For the four genetic loci shared between IPF and at least one COVID-19 phenotype, we investigated whether shared genetic signals were associated with gene expression in lung tissue (GTEx_lung [9], n=515) and whole blood (eQTLGen [10], n=31 684). Where the variant met a false discovery rate of 5%, colocalisation analyses were performed using coloc and deemed to be linked to gene expression if the posterior probability of a shared causal variant was greater than 80%. Three of the four shared signals colocalised with expression of the single nearest gene in blood or lung (MUC5B, ATP11A and DPP9) (table 1). The IPF and COVID-19 risk increasing alleles at the 7q22.1 signal colocalised with decreased expression of ZKSCAN1 and TRIM4 in blood.

Finally, we performed a phenome-wide association study (PheWAS) to identify if the overlapping genetic signals had been previously reported for association with other traits (p<10−5) using publicly available resources (PhenoScanner_v2, GWAS Catalog and Open Targets). Colocalisation analyses were performed to determine if the same causal variant was driving both traits. The signal on chromosome 7 was associated with a number of blood traits and the signal near ATP11A was associated with blood traits and HbA1c (average blood glucose levels, used in diagnosing diabetes) (table 1). The IPF and HbA1c signals did not colocalise; however, as diabetes is a risk factor for COVID-19 [11], we further investigated the effects on gene expression for this signal in all GTEx tissues. The allele (rs423117_T, the sentinel variant from the Hb1AC GWAS) associated with higher Hb1AC levels was associated with increased ATP11A expression in liver and decreased expression in cultured fibroblasts, but there was no association with ATP11A expression in blood.

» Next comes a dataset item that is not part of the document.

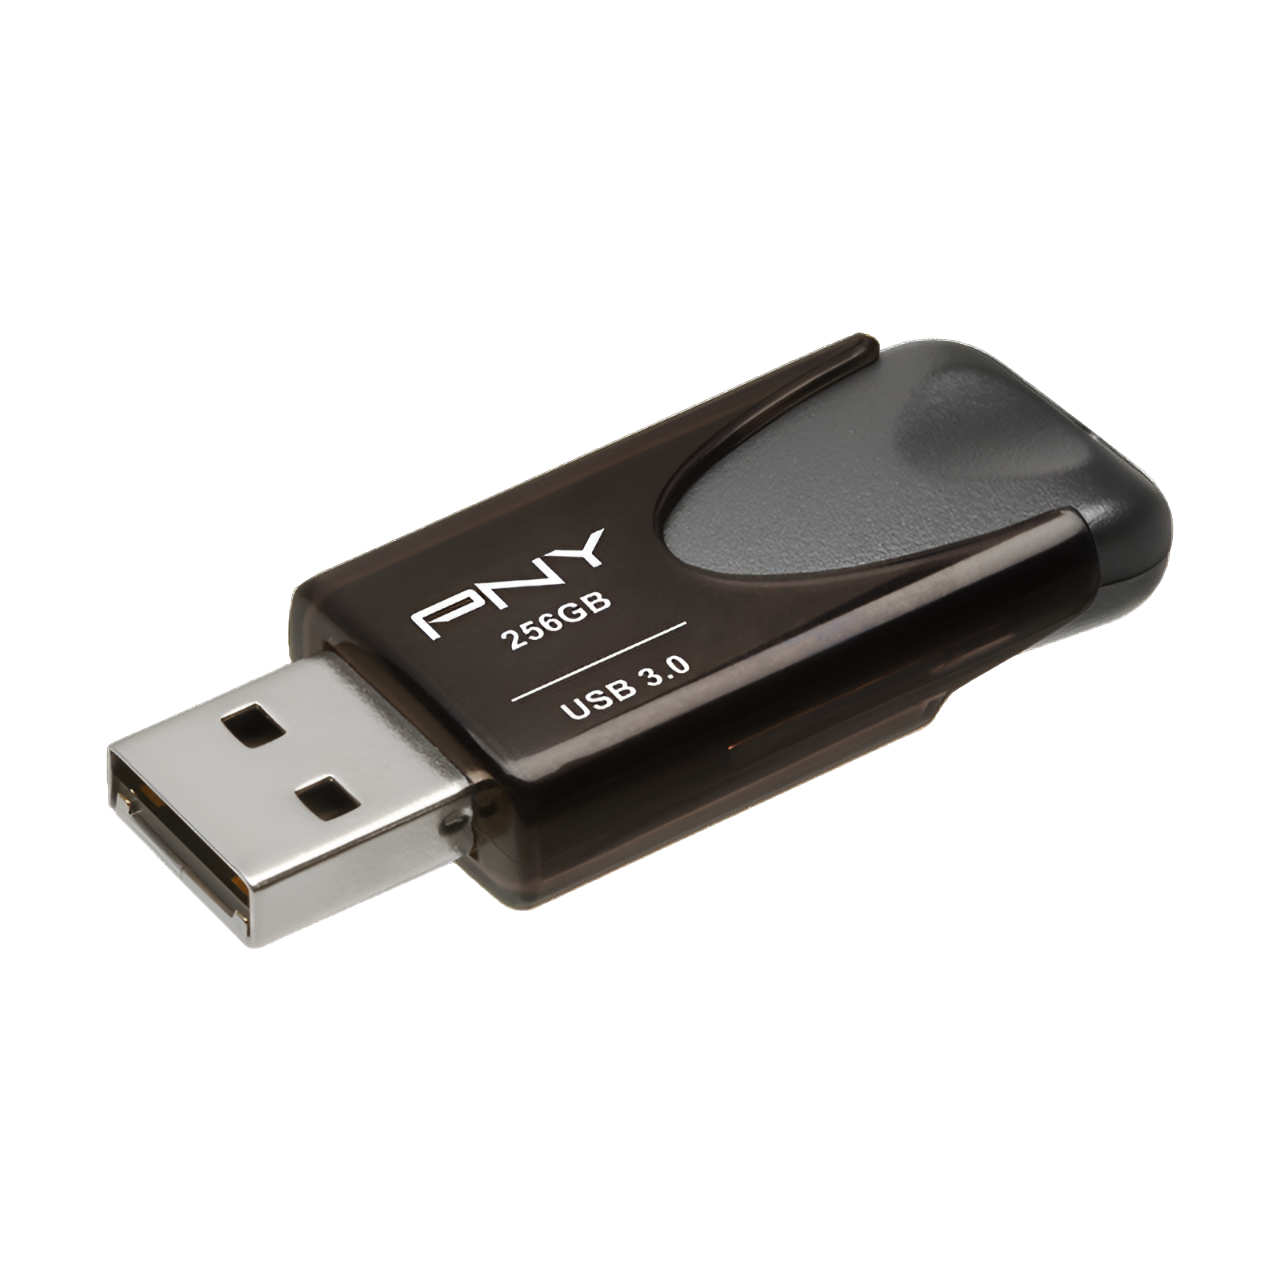 PNY Turbo Attache 4 256GB USB 3.0 Flash Drive 1Yr Wty

In summary, genetic association signals near MUC5B, DPP9 and ATP11A have previously been reported for both COVID-19 severity and IPF risk; we show for the first time that these signals are likely due to the same underlying causal variant. In addition, we show the signal at 7q22.1 associated with IPF also shows a novel association with COVID-19 and implicates TRIM4 and ZKSCAN1.

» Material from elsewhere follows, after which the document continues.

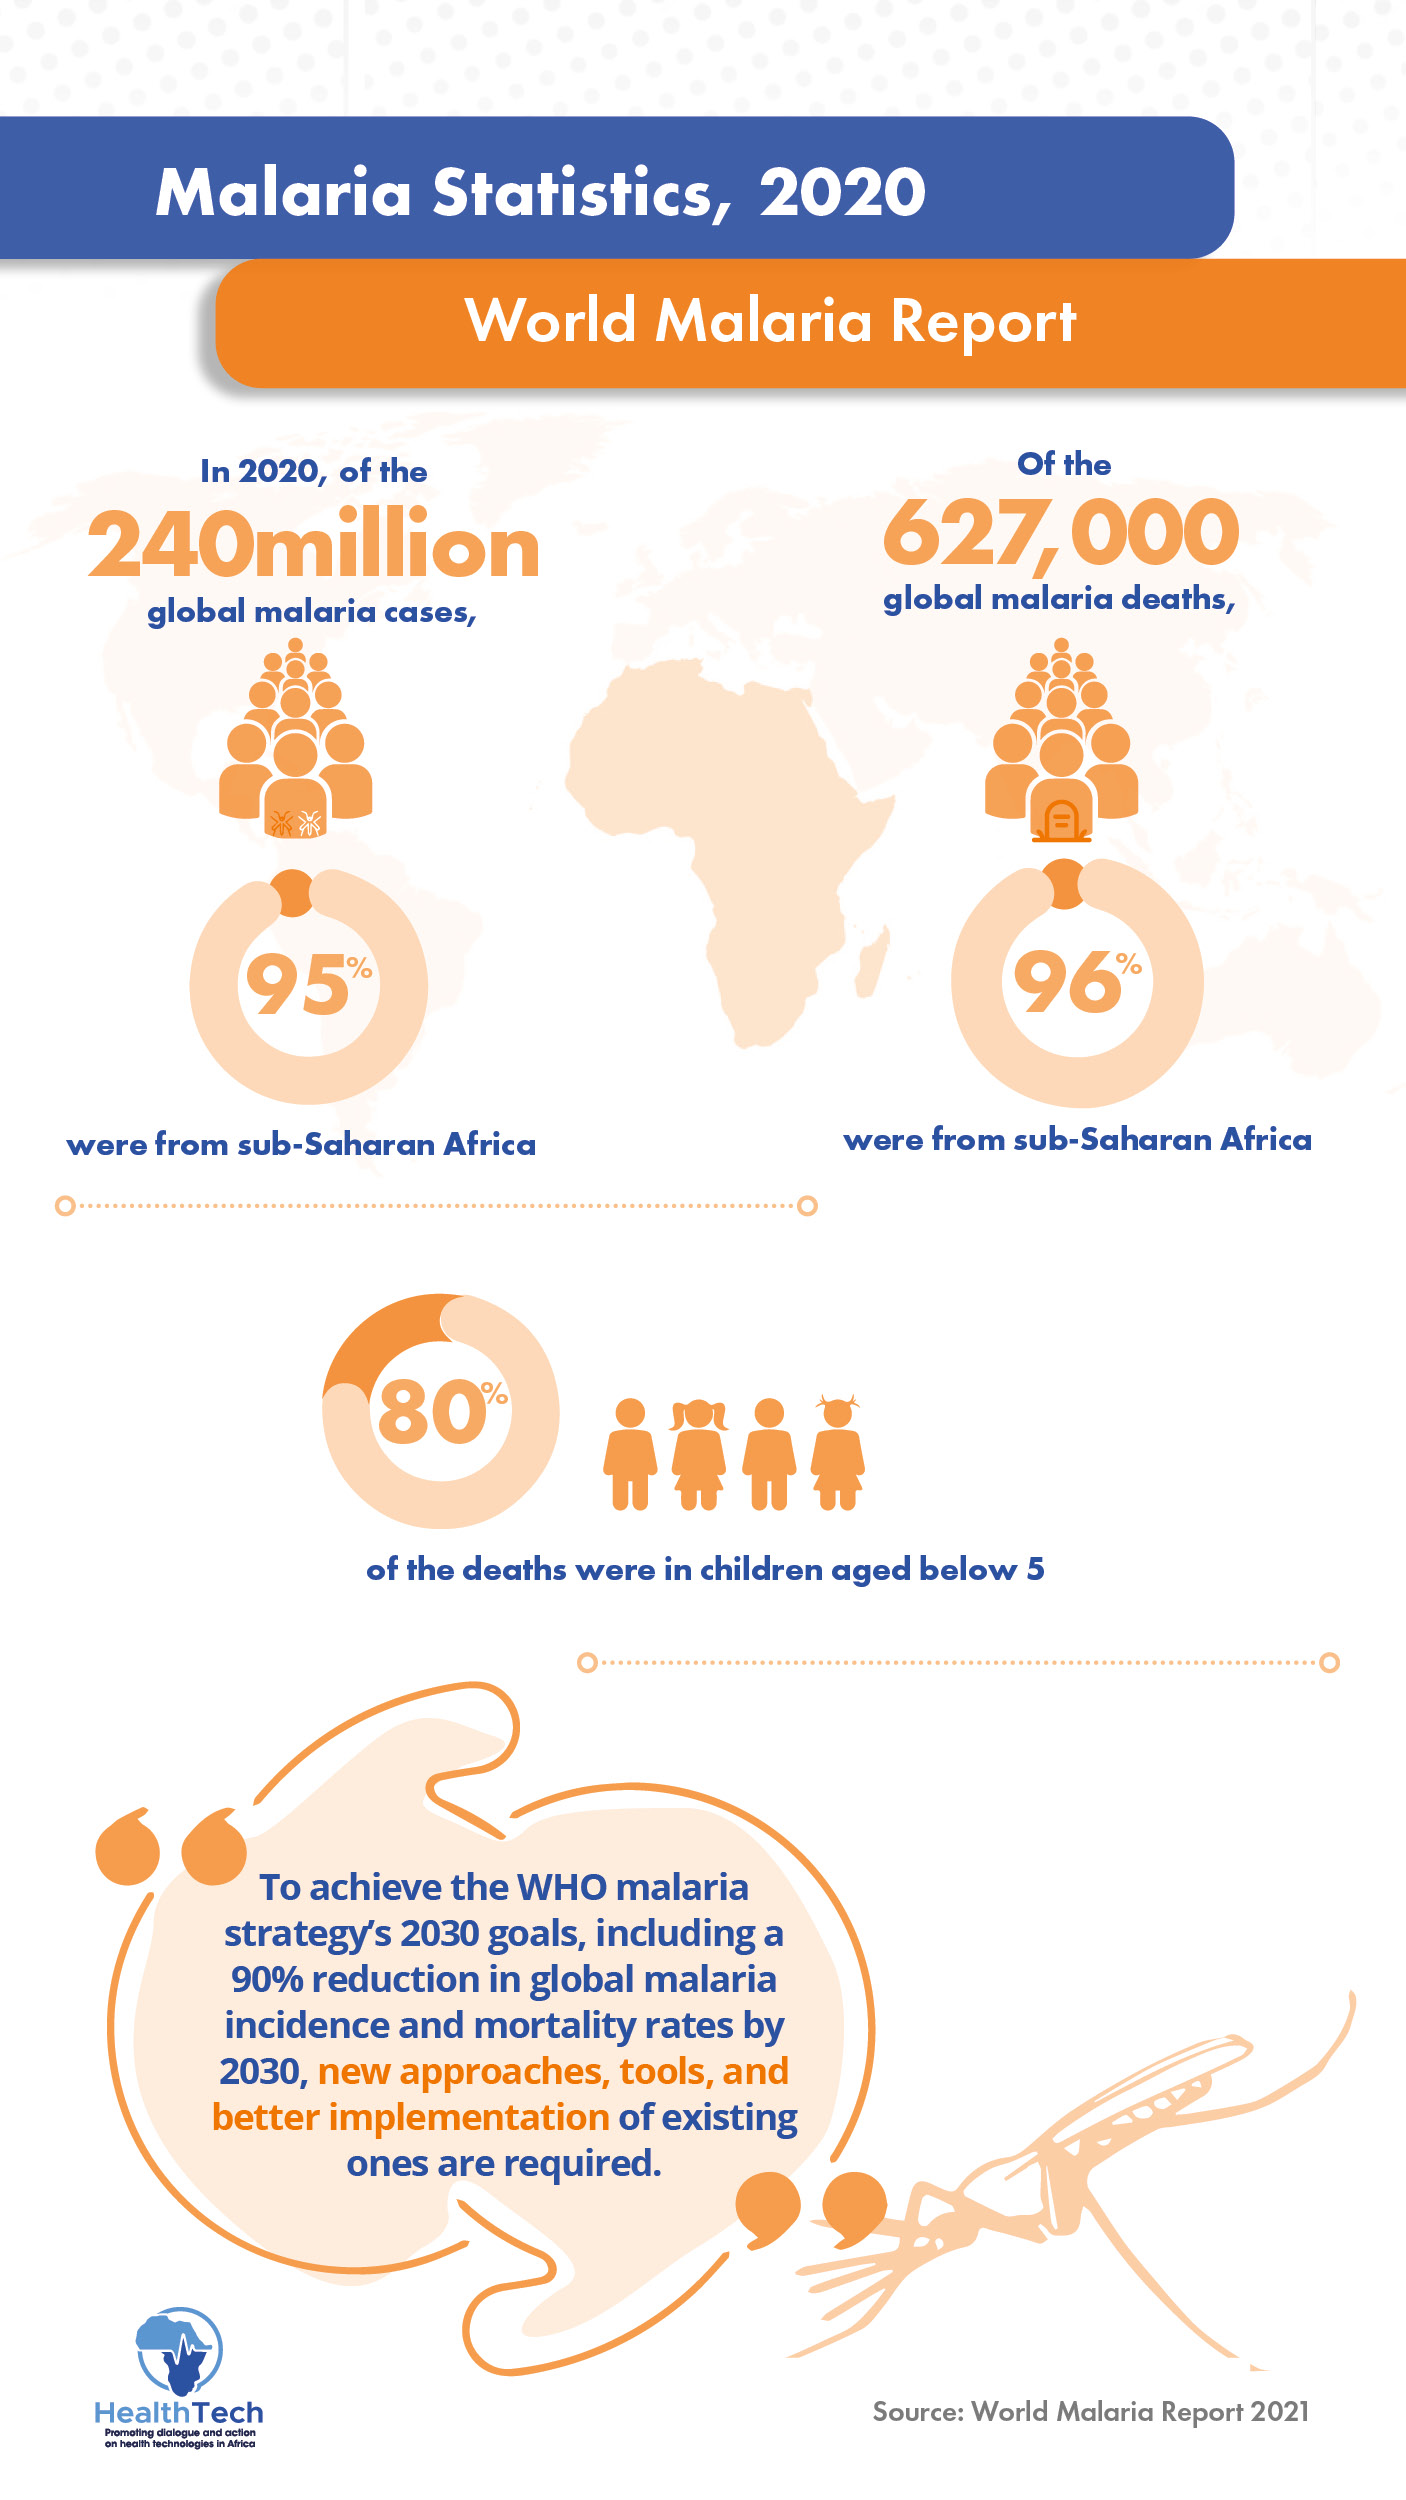 World malaria report 2020 summary

Despite a positive genome-wide genetic correlation between IPF risk and the COVID-19 severity phenotypes (A2, B1 and B2), we show that two of the four shared signals (at MUC5B and ATP11A) have opposite directions of effect on risk for the two diseases. The allele associated with increased risk of IPF and increased ATP11A expression in blood (rs9577395_C) was associated with decreased risk of severe COVID-19. The lipid flippase ATP11A has been suggested to have an important role in the innate immune response, and a depletion of this protein in human cells has been related to an increased inflammatory response [12]. Therefore, an increased expression of ATP11A may lead to better COVID-19 outcomes by attenuating chronic inflammation following initial infection. Our PheWAS highlighted a potential link with HbA1c and diabetes risk at this locus via ATP11A expression, although effects were tissue dependent. The IPF risk allele at MUC5B may have a protective effect in airway defence in patients with COVID-19 [6]. These findings of opposite genetic and tissue effects potentially highlight important differences between development of long-term chronic disease and response to infection, which could have implications when considering new drug targets.

The rs2897075_T allele at 7q22.1, associated with increased IPF and COVID-19 risk, was linked to decreased TRIM4 and ZKSCAN1 expression. TRIM4 is an important regulator of virus-induced interferon induction pathways and a proteomic study identified significant adjacency between SARS-CoV-2 M protein and TRIM4 [13]. Viral infection-induced micro-injury to the alveolar epithelium is thought to be a trigger for development of IPF [14], suggesting the interferon-mediated innate immune response could be central to both risk of chronic lung disease and worse outcomes due to SARS-CoV-2 infection. We also showed that the IPF and COVID-19-risk variant at DPP9 was associated with a reduced DPP9 expression. This serine dipeptidyl peptidase inhibits inflammasome activation [15] and has been related to antigen presentation [16], having an important role in the immune response. Further functional studies are required to better understand the specific role of these genes in the development of IPF and in response to COVID-19 infection.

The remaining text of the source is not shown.